» **SOURCE MATERIAL**:
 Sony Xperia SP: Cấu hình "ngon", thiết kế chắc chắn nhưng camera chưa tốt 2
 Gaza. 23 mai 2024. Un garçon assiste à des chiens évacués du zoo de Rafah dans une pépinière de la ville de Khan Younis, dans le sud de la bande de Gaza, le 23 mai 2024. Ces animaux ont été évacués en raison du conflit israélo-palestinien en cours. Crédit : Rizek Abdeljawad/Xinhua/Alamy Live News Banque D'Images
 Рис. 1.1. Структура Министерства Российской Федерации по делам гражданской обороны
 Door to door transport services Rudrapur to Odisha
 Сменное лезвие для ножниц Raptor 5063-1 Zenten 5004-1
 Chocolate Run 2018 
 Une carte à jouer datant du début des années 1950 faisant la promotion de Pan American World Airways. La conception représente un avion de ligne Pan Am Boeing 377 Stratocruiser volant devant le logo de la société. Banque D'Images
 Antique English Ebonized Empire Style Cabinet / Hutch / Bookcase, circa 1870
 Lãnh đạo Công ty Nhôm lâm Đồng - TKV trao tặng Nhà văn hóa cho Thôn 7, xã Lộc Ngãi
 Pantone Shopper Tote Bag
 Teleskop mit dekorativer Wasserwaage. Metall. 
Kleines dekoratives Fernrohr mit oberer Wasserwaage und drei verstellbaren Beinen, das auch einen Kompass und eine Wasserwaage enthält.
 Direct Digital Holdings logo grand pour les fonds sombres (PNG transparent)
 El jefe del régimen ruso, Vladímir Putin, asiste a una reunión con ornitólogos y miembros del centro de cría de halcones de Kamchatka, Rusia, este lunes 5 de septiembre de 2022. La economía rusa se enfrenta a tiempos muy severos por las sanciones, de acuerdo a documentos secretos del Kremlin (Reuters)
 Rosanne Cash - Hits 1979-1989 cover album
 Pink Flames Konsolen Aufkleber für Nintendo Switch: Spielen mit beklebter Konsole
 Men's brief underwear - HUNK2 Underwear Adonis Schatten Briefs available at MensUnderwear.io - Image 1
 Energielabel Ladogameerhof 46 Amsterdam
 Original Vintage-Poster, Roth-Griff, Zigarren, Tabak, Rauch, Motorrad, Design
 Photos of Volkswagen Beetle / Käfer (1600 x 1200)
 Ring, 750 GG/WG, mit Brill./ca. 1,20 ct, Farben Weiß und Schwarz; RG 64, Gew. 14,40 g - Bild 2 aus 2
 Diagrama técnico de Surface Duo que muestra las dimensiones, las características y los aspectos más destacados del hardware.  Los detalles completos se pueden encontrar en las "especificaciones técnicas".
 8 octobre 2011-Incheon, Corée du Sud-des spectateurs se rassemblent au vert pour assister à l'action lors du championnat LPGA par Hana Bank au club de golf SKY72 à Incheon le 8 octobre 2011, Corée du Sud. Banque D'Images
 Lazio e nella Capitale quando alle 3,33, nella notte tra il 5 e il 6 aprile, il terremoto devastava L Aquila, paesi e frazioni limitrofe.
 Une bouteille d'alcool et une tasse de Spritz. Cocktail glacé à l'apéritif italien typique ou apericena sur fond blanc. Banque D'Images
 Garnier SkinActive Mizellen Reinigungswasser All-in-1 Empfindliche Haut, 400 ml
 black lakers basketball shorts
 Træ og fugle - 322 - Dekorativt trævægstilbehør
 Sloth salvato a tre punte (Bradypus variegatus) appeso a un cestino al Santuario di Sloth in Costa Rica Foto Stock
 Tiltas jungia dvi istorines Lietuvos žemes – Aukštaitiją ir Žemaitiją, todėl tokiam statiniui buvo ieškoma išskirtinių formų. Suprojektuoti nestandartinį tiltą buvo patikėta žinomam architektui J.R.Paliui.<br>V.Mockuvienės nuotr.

» **EXERCISE**:
For this task, copy every line of the material in which "pour" appears.

» **ANSWER TO THIS TASK**:
 Direct Digital Holdings logo grand pour les fonds sombres (PNG transparent)
 8 octobre 2011-Incheon, Corée du Sud-des spectateurs se rassemblent au vert pour assister à l'action lors du championnat LPGA par Hana Bank au club de golf SKY72 à Incheon le 8 octobre 2011, Corée du Sud. Banque D'Images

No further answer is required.